6.00 6.00a 6.00ax 7.00 | 1.00 1.50

MS-DOS                 | WINDOWS
kbtool

The information in this article applies to:

SUMMARY

This article discusses some reasons why programs might produce different floating-point results when compiled with different compiler options.

The program below produces different results when complied using

   cl -AM -FPi prog.c

than when using the following:

   cl -AM -FPa prog.c

Part of the reason for the different results is that /FPa and /FPi generate math routines that don't work the same. /FPi math emulates the 80x87, to the point of actually converting 8-byte doubles to 10-byte internal format and doing the math in internal format. /FPa uses an 8-byte format for calculations; therefore, it is less accurate. This often accounts for differences in results.

MORE INFORMATION

Also, the second number printed in the /FPi case is smaller than DBL_MIN, as defined in FLOAT.H. This situation is also correct because DBL_MIN is the smallest possible NORMALIZED value. (Normalized means that the high- order bit of the mantissa is a one.)

"Denormals" (numbers where there are zeros in some of the high-order bits of the mantissa), however, can represent numbers "x" in the ranges + DBL_MIN > x > 0 and 0 > x > -DBL_MIN. Although this is an unusual situation, it is not an error. A denormal is less precise than a normalized number; however, a denormal is still more precise than 0 (zero) (which is the next best representation). By allowing use of denormal numbers, we make our floating-point result slightly more accurate. The alternate math library (/FPa) represents denormal numbers as 0 (zero).

Another possible cause of differences in floating-point results is the inclusion or omission of the /Op option.

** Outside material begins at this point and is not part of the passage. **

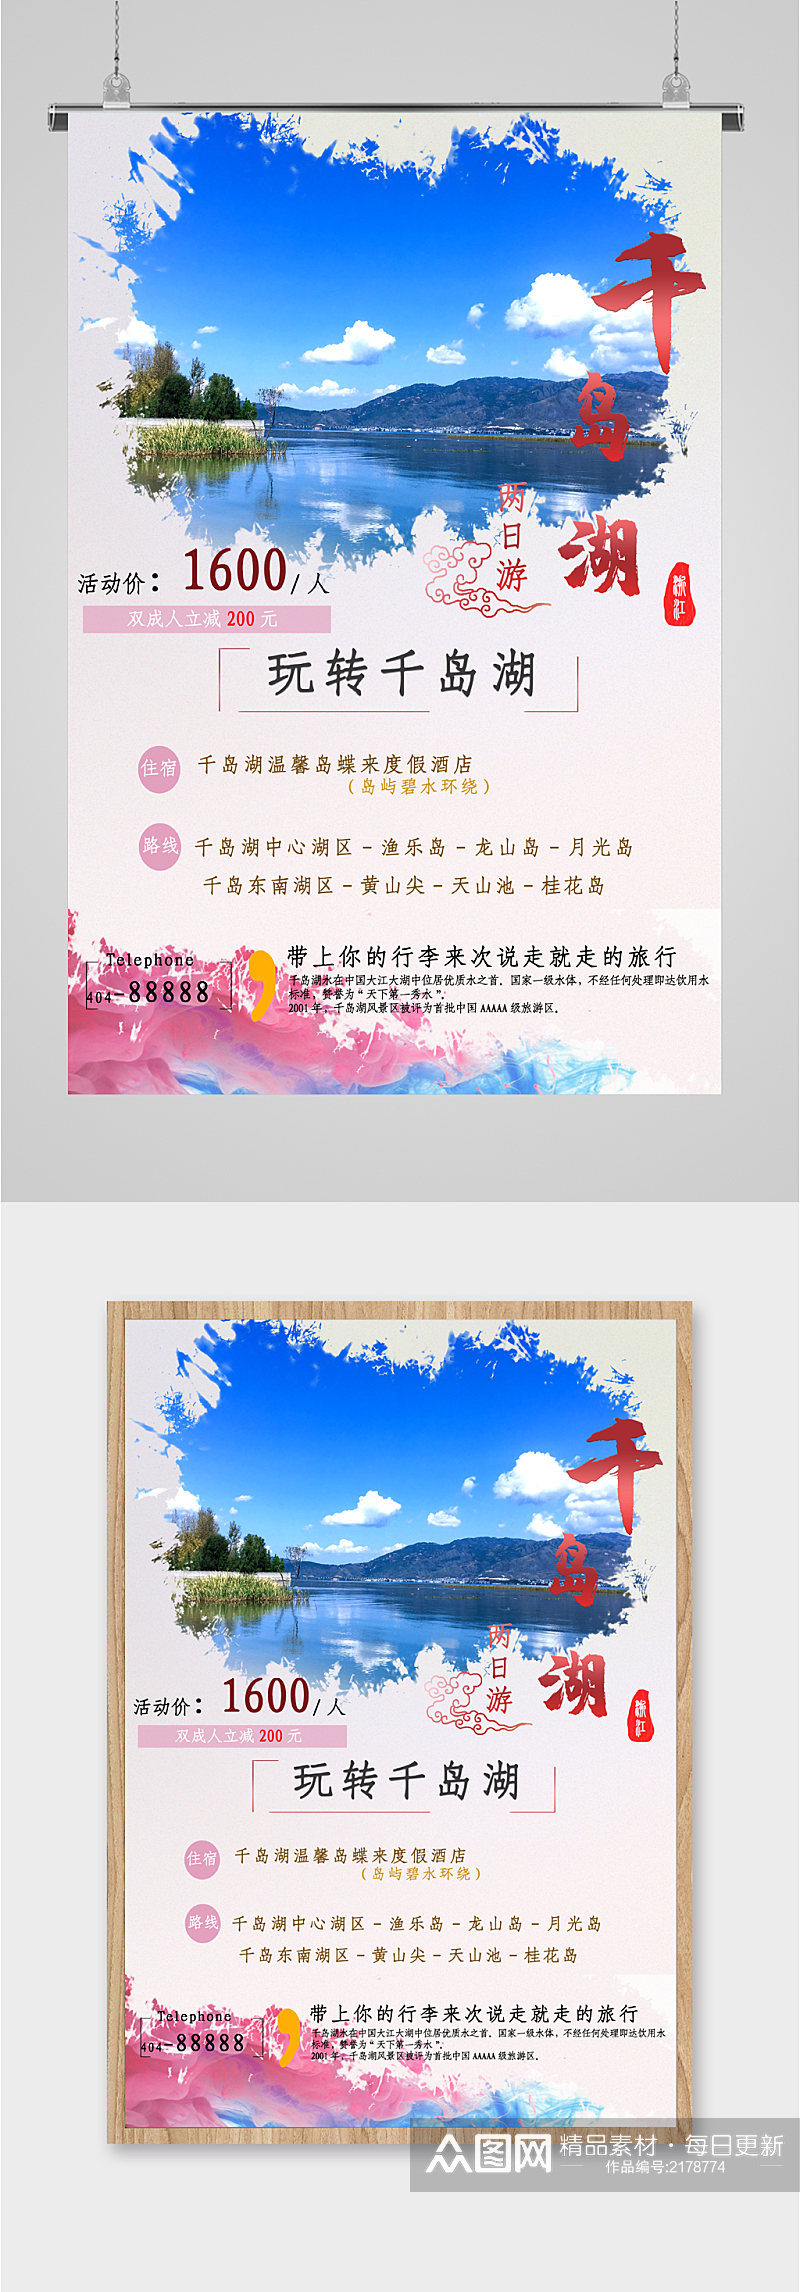 千岛湖风景旅游海报素材
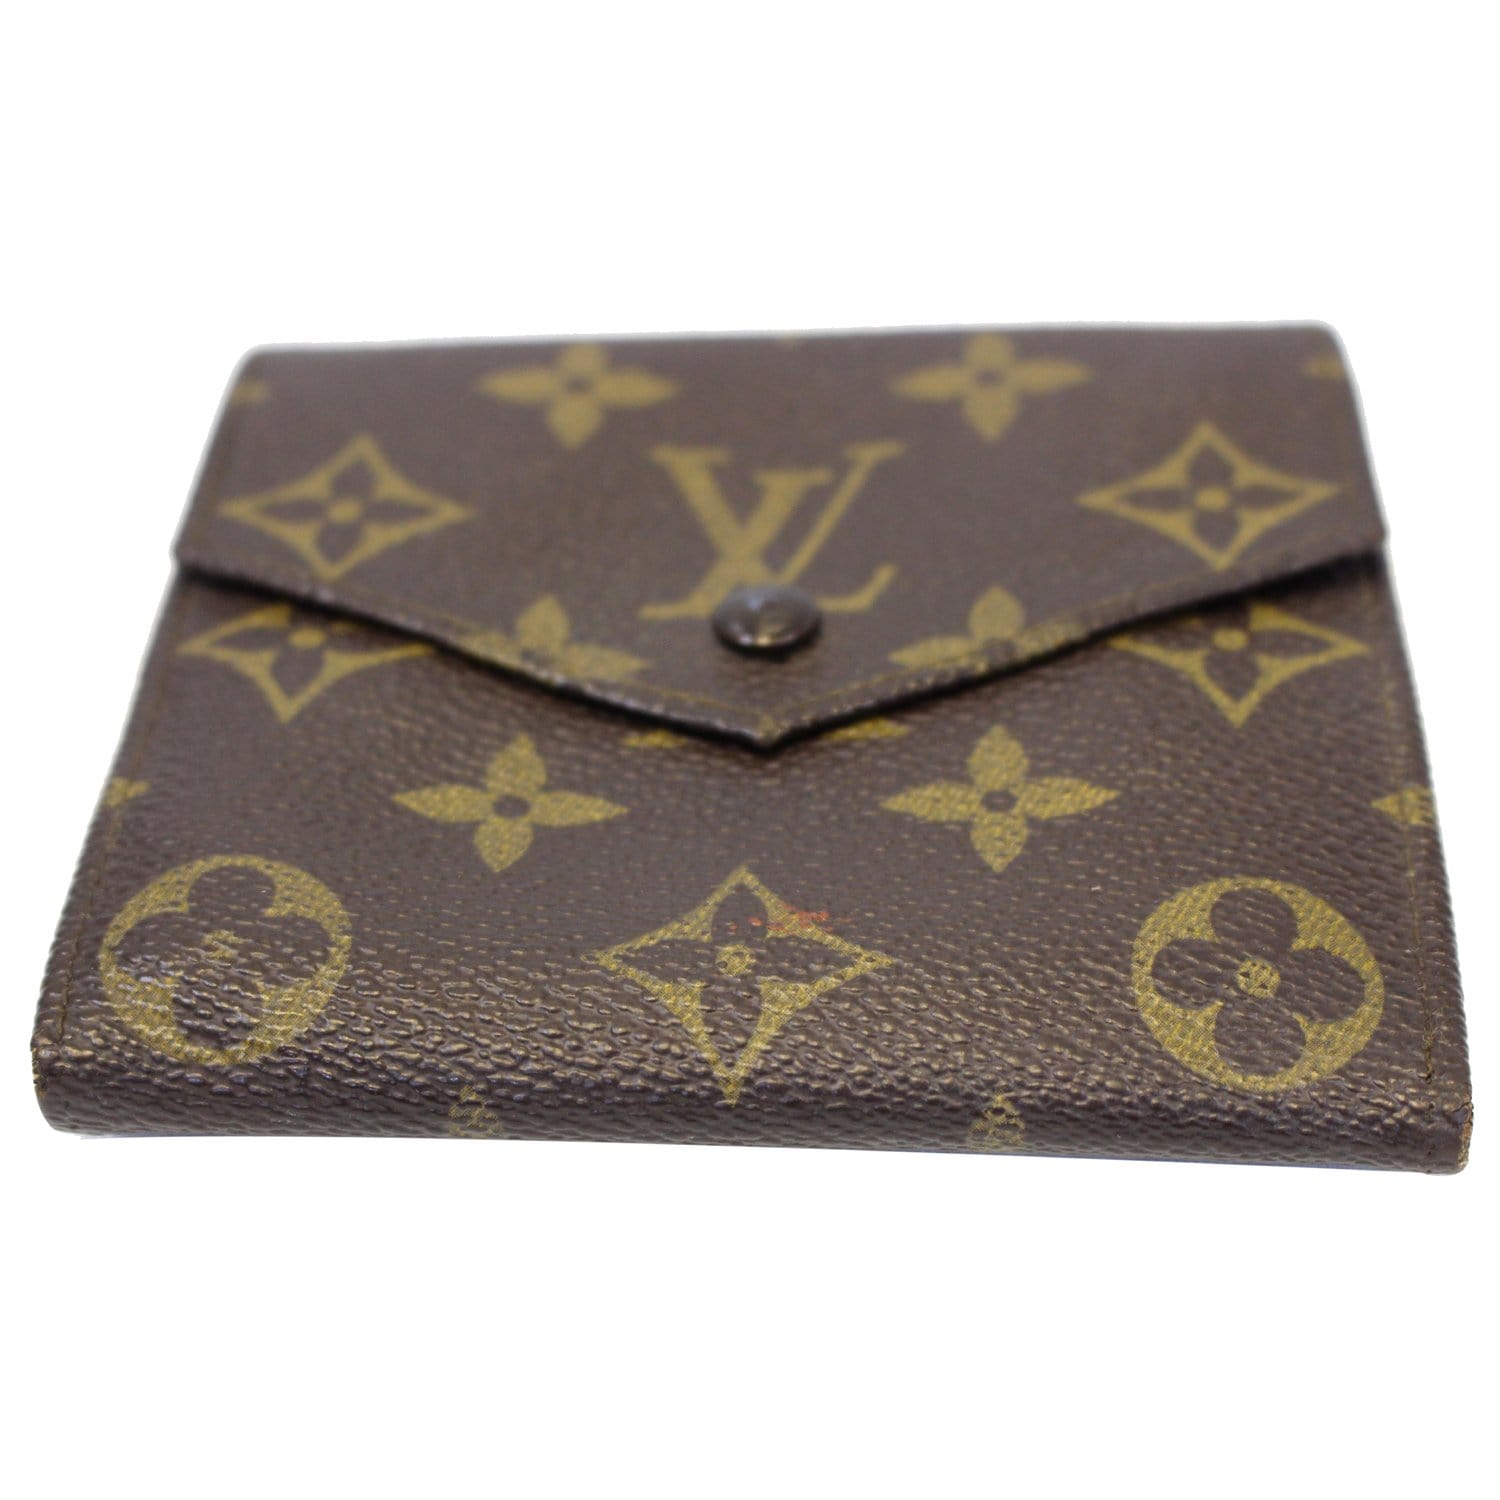 Louis Vuitton Vintage Wallet

When /Op is omitted, the compiler may skip storing intermediate results as 64-bit objects in memory, leaving them instead in the 80-bit registers of the 80x87 (or emulator package). This increases the speed and accuracy of the calculation. However, this can decrease the consistency of the calculations because other intermediate results may have been stored in 64-bit objects in memory anyway. Including /Op forces all intermediate results to be stored in memory, giving more consistent results. This option is often handy in programs involving complicated floating-point calculations.

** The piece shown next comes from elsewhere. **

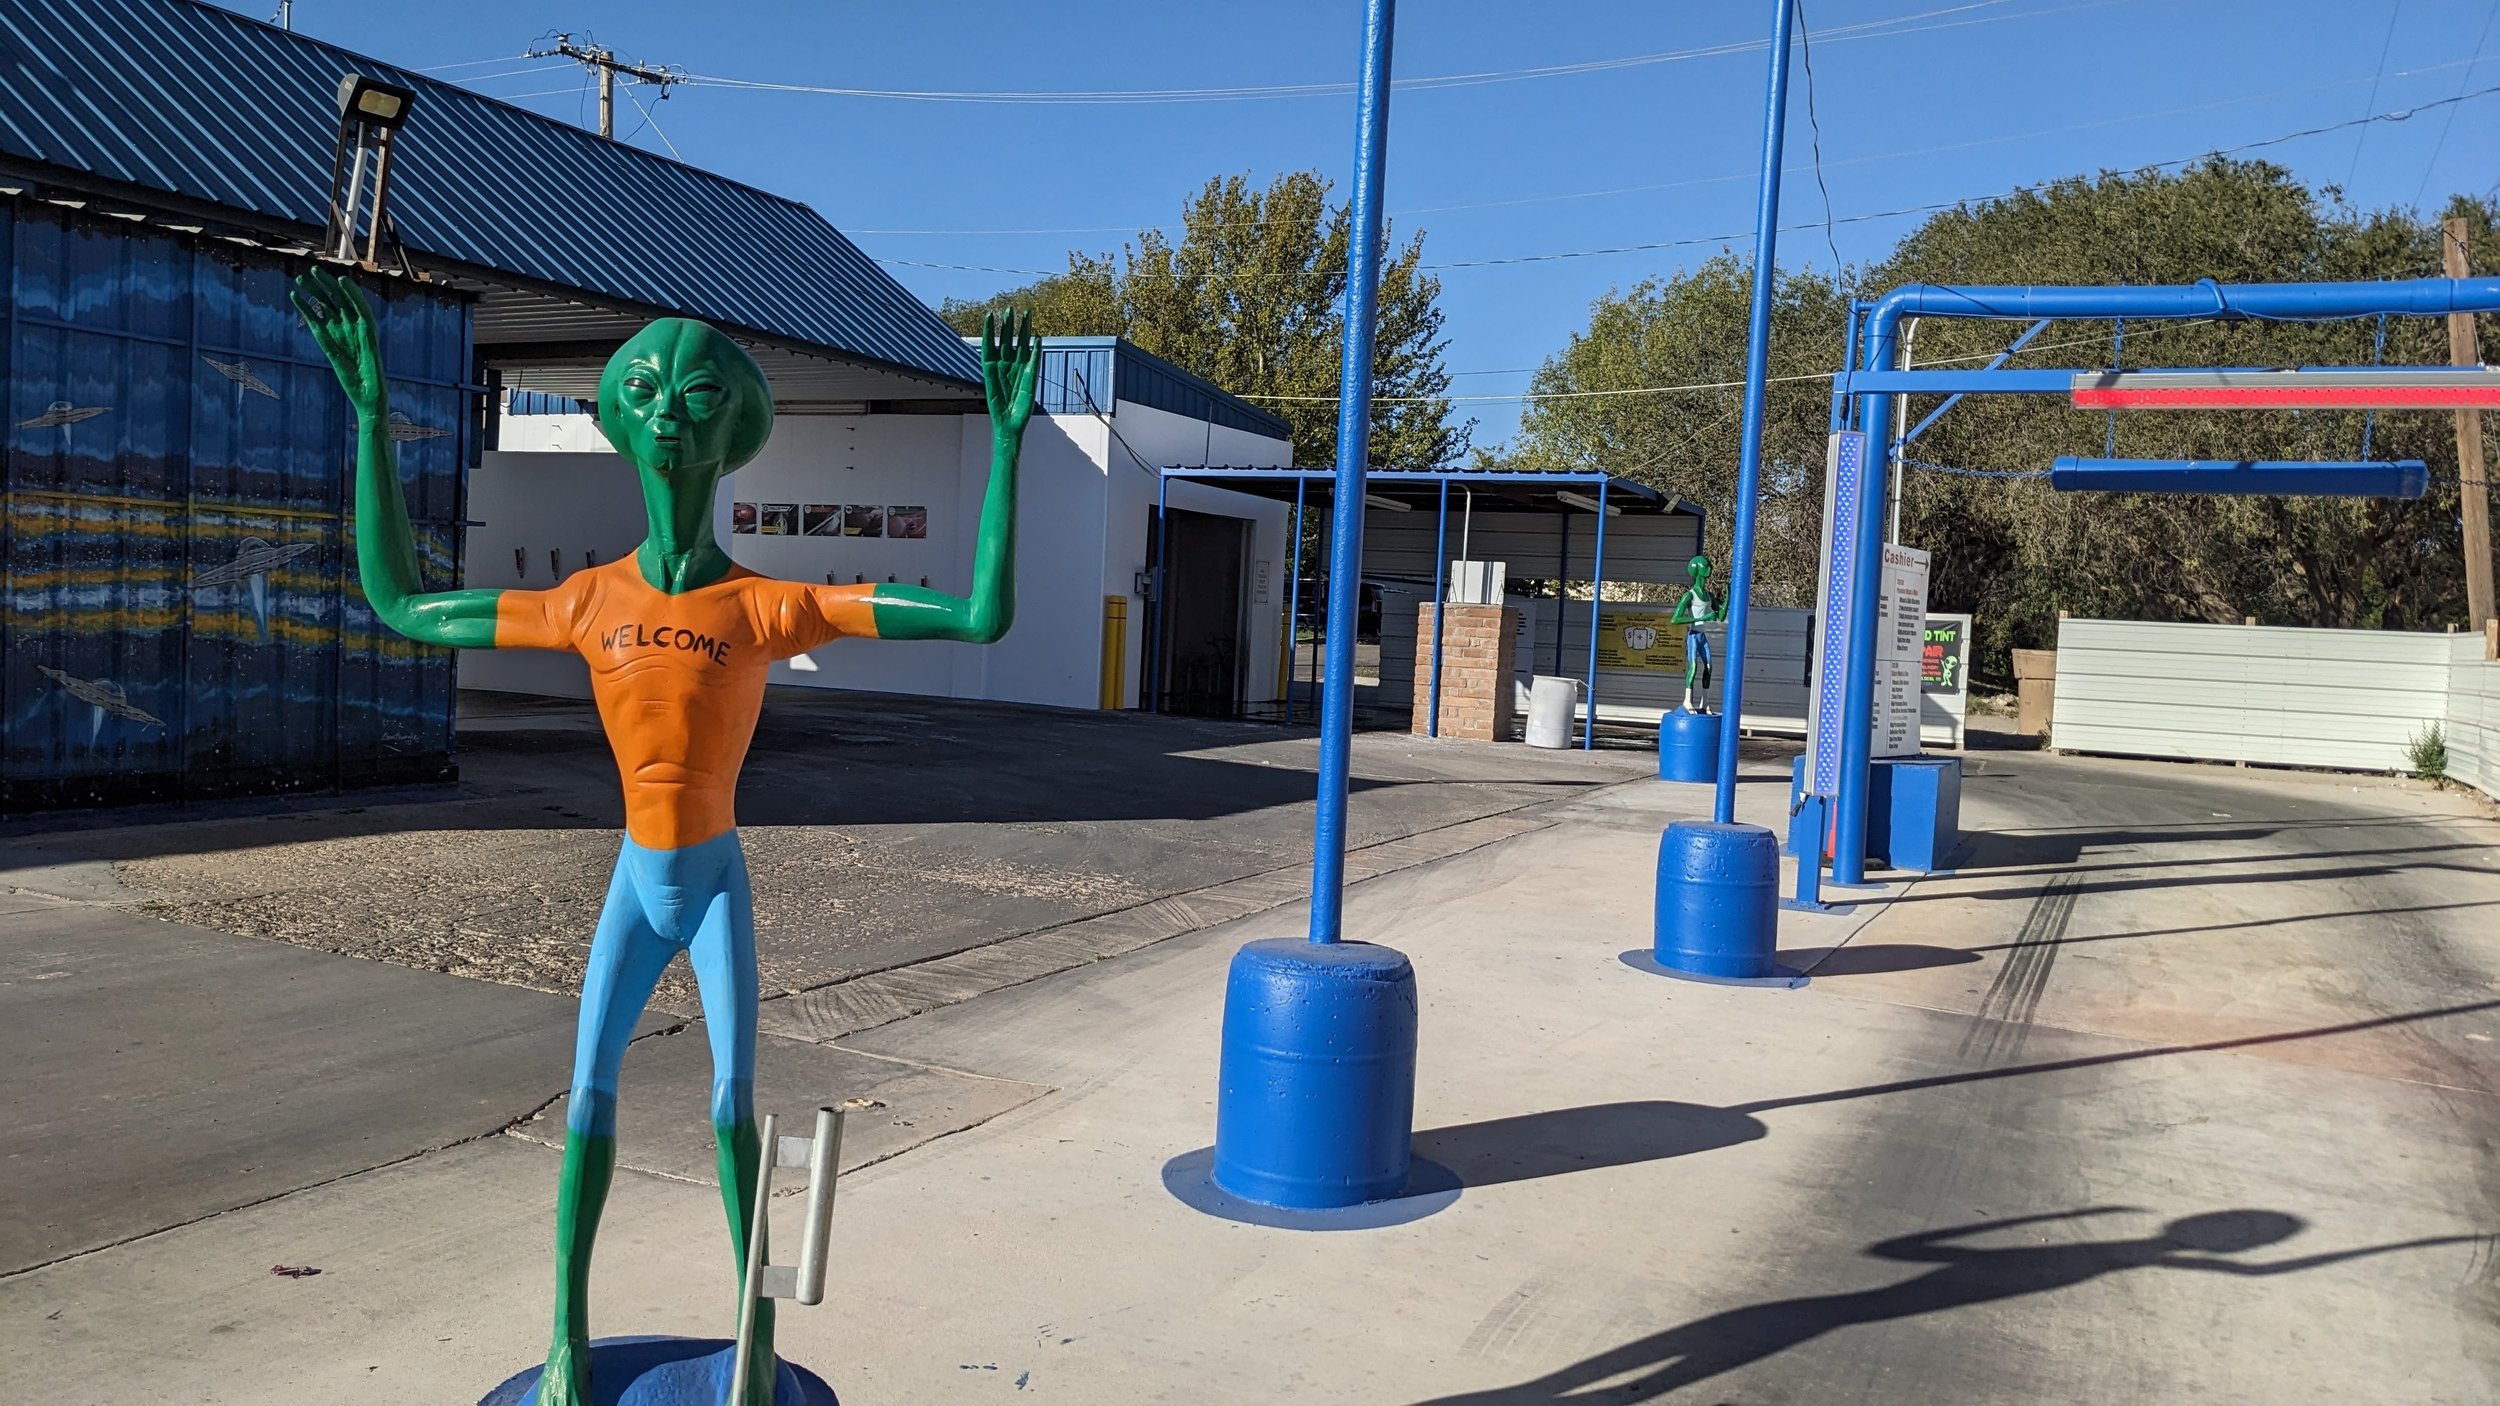 Alien Car Wash - Galaxy Car Wash in Roswell New Mexico

The program and its output follow:

Sample Code

#include <stdio.h>    // START OF PROG.C
#include <float.h>

void main(void)
{
    double  a,b,c,prod1,prod2;

    _fpreset();
    a=9.5788979e-283;
    b=8.050847e-1;
    c=9.5588526e-28;

    prod1=a*b;
    printf("\n product1 = %1.15le \n",prod1);
    prod2=c*prod1;
    printf("\n product2 = %1.15le \n",prod2);

} // END OF PROG.C

Results

 // RESULTS OBTAINED USING CL -AM -FPi  PROG.C

 product1 = 7.711824142152130e-283

 product2 = 7.371619025195353e-310 // This value is less than DBL_MIN

 // RESULTS OBTAINED USING CL -AM -FPa PROG.C

 product1 = 7.711824142152130e-283

 product2 = 0.000000000000000e+000

Additional reference words: kbinf 1.00 1.50 6.00 6.00a 6.00ax 7.00 8.00 8.00c KBCategory: kbtool KBSubcategory: CLIss Keywords : kb16bitonly

Last Reviewed: July 18, 1997